The current technique’s business model is monthly rent, and its business name is Lightroom. As long as your credit lasts within the room, it proposes to enact and perform memory for you. Now, because you have tapped a credit card, you are entitled to believe that you see clouds passing above the damp riverbank where you stand in sunlight.

This month I paid for you. The door opened, the Room let you in, and now you believe you once saw what you see now. Subject to the terms of the agreement, you began believing you were on a river path to a place where earth is soft beneath Mother’s breath-warm steam.

The empty

Somebody at lower right went blurry and moved off in the dark. For a time a shutter had opened and the dark was filled with glitter. It threw light on the change of circumstance. Within the dark, non-glittering somebody would never be seen again.

Detroit Publishing Company collection, Library of Congress, https://www.loc.gov/pictures/item/2016800409/. Perspective adjusted and contrast and detail restored.

 

 

 

For the Realists

During the nineteenth century, coal and its no longer latent powers began mattering to art and literature. Having been perceived and depicted, they now demanded equal but different rank with the divine. To realize Anna Karenina’s feelings during her night passage on the Moscow-St. Petersburg express was the same problem for Tolstoy that it would have been for Homer, but it was only Homer’s routes that traversed a universe conceivable as a surface hiding no secrets and revealing all there was to reveal. Against that, the moment at the end of Anna’s emptied book when a disconnected fuel tender came rolling by itself down its track (VIII.5) was a revelation of movement without a discoverable origin in intent or terminus in meaning. It may have been that that extorted the last tears from Vronsky. His voyage of discovery had ended without conclusion, in smoky midair.

See how you yourself now perceive this silhouette of eleven womanless men and a danger sign. Inside their collective image, smoke from a waiting parovoz ascends to darken the cloudscape, and that seems to be all the meaning there is. Certainly no one within the artwork’s dark margins is reading the sign’s words.

“Track elevating at road crossing, Joliet, Ill.,” between 1900 and 1905. Detroit Publishing Company Collection, Library of Congress, https://www.loc.gov/pictures/collection/det/item/2016795685/. Post-processed for contrast and detail. Replaces a 2014 restoration, which has now been deleted from the blog.

Signed at under such circumstances, lesser realists such as William Dean Howells and Jacob Riis reacted by filling their non-fictions and their fictions alike with brand names and street addresses, recorded with due accuracy. The intent seemed to have been to force signifiers like the railroadmen’s unread X to give up a meaning. In time, James Joyce came to understand that a record’s significance lies in its words, only. The data of its ostensible content are a pre-text, and that is enough. But the image you have just seen in parallel with Tolstoy’s words is a wordlessness. Its primary signifier is not a history like Tolstoy’s or Joyce’s but a chemistry and a meteorology, and its record is only one of the smudges that coal in the nineteenth century left in the air.

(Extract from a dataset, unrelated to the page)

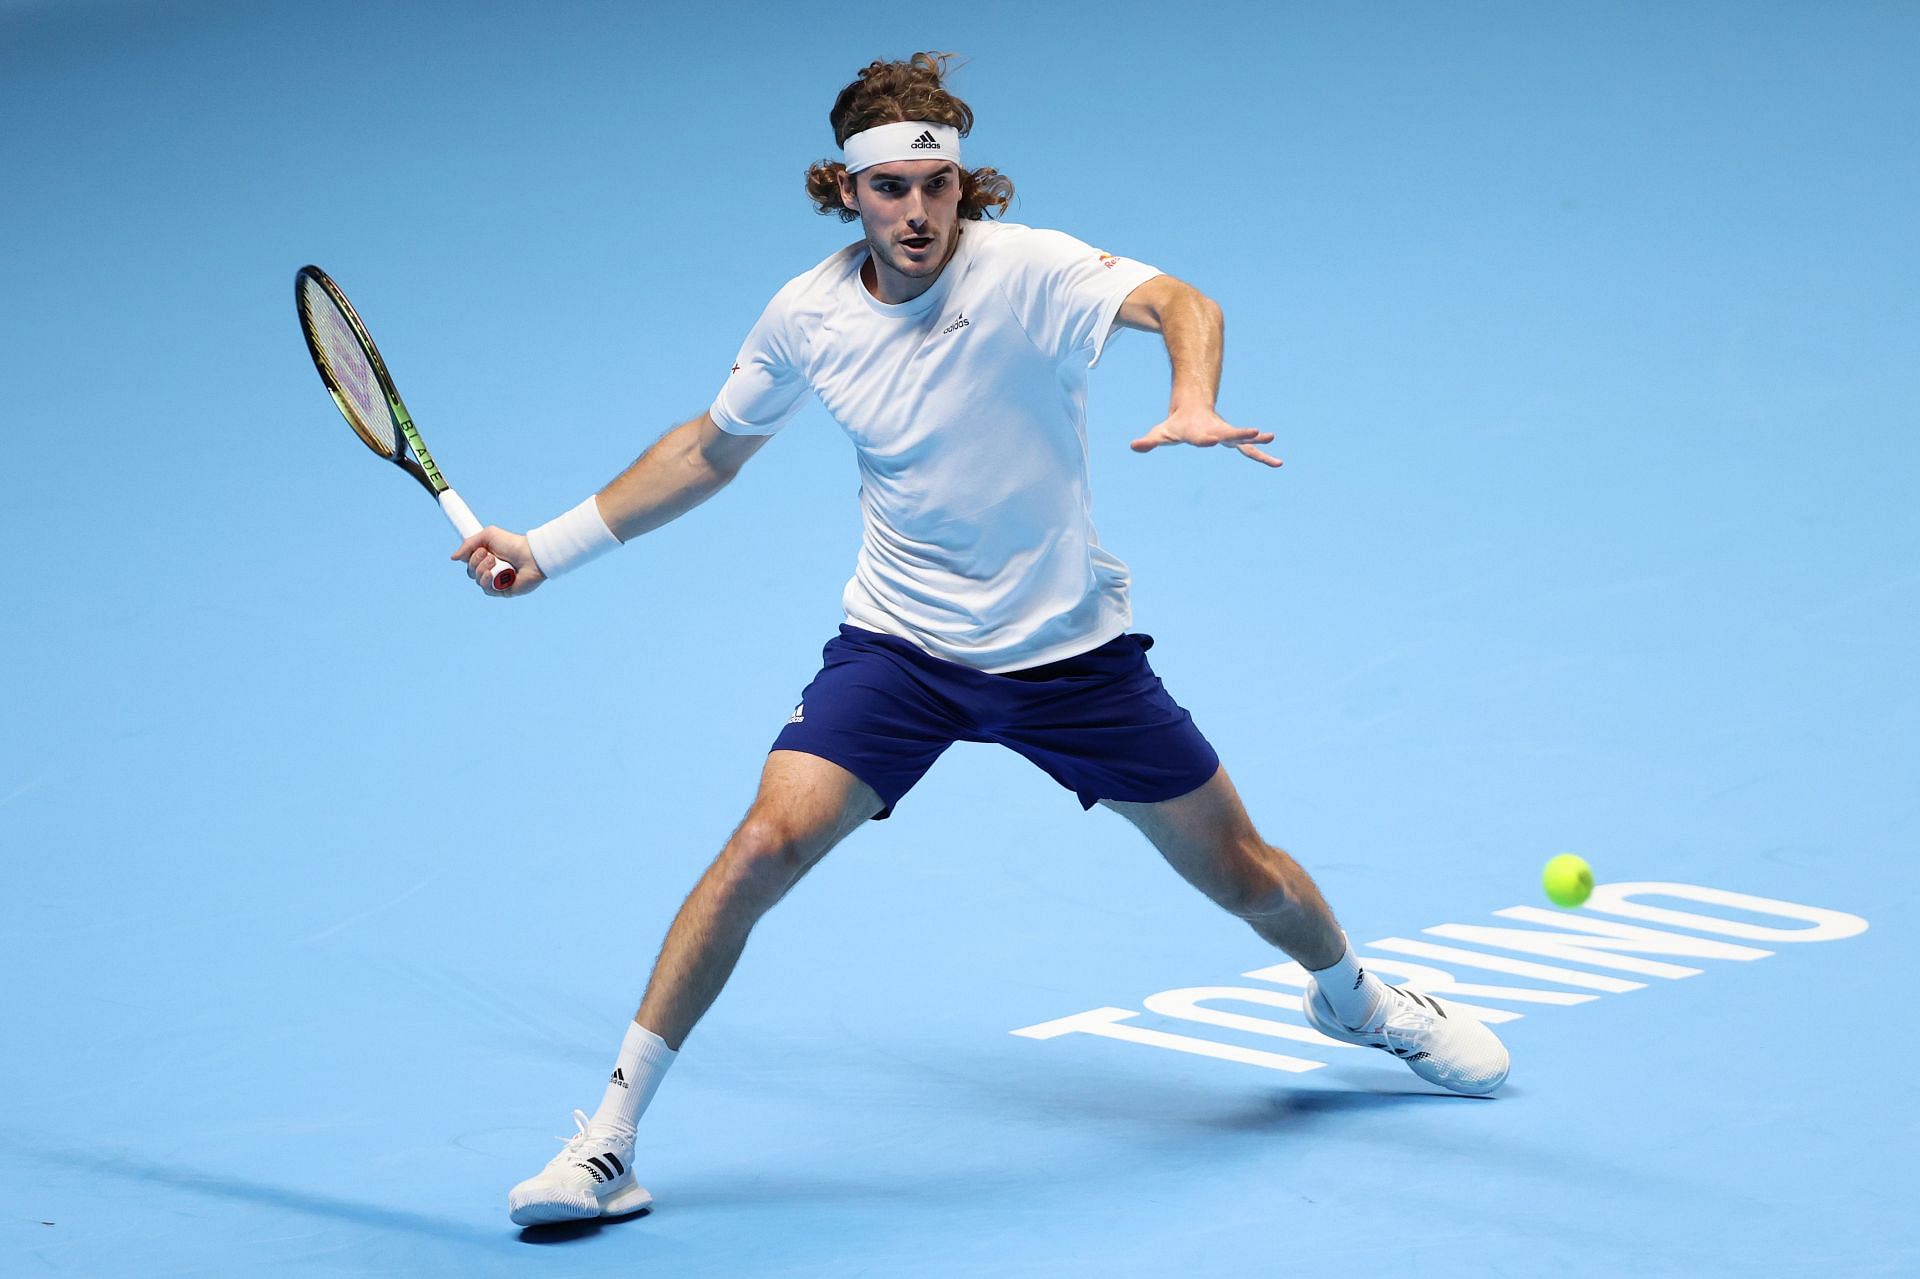 Stefanos Tsitsipas in action at the ATP Finals 2021
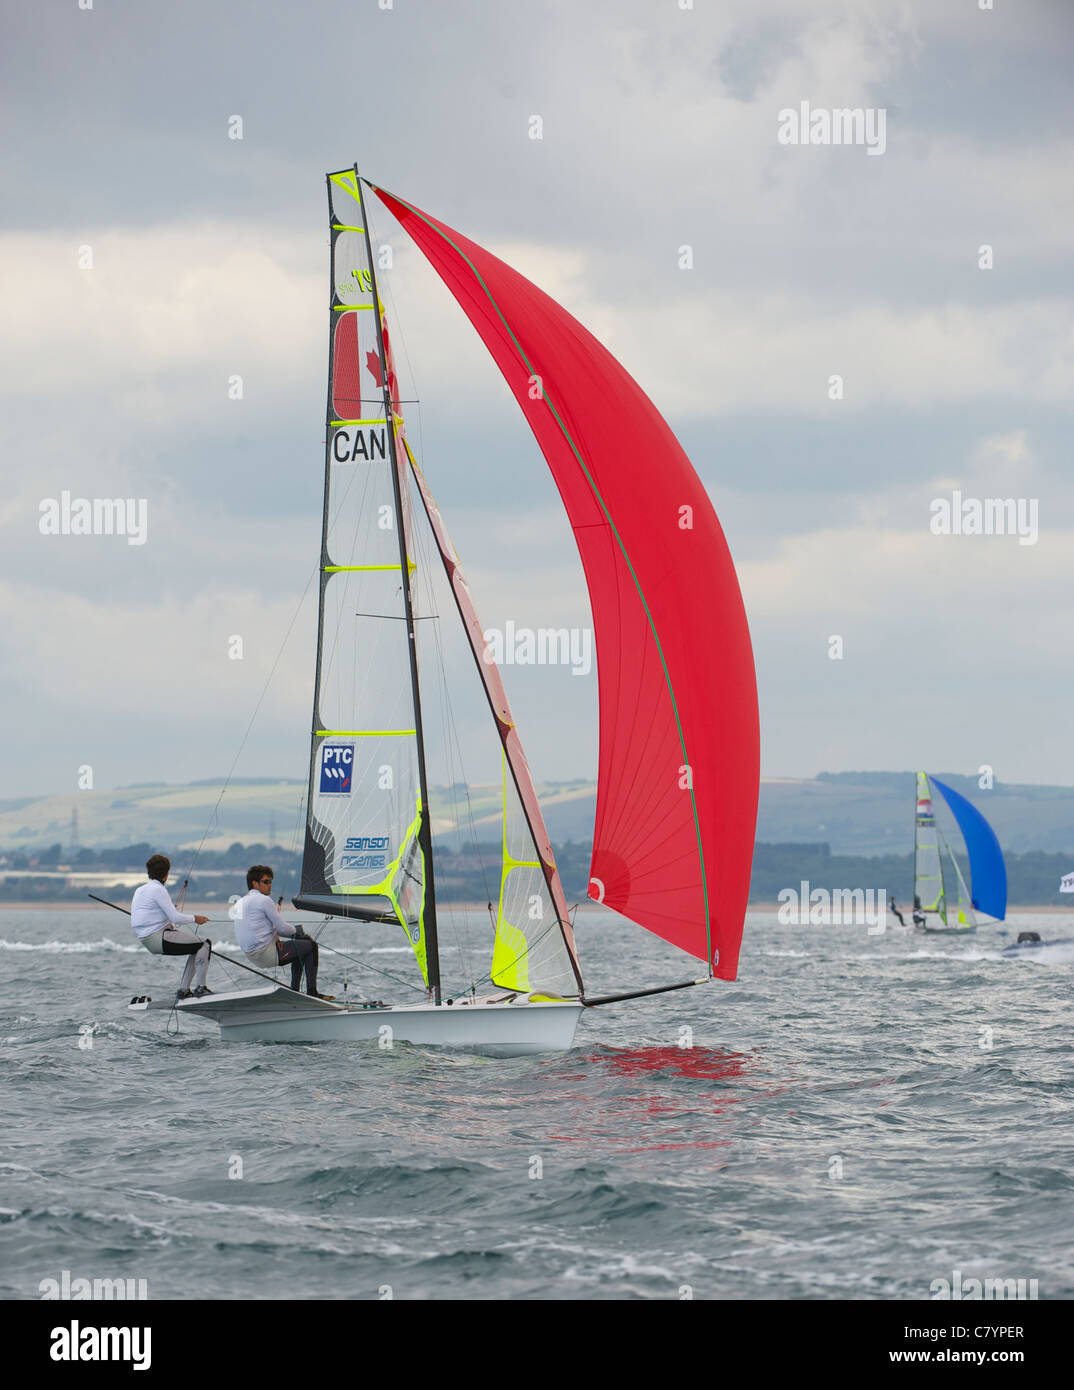 Gordon Cook and Hunter Lowden (CAN), Sailing Olympic Test Event, 49er men's skiff Class, Weymouth, England, Stock Photo

She woke from a dream of flight by alphabet

She was Phoebe Snow, the white-gowned heroine of one of the most successful advertising campaigns in American business history: Earnest Elmo Calkins’s series of streetcar advertising cards (1903-1917) for the Delaware, Lackawanna and Western Railroad. This was the onset of Phoebe’s dream.

 

 

Its poems and its history can be read at http://cs.trains.com/ctr/f/3/p/264453/2986868.aspx. For the dream itself, however, no language was required beyond a few alphabetic cells of the meaning into which Phoebe was to awaken .

 

 

And because the alphabet was a dream, the awakening from dream to meaning was happy.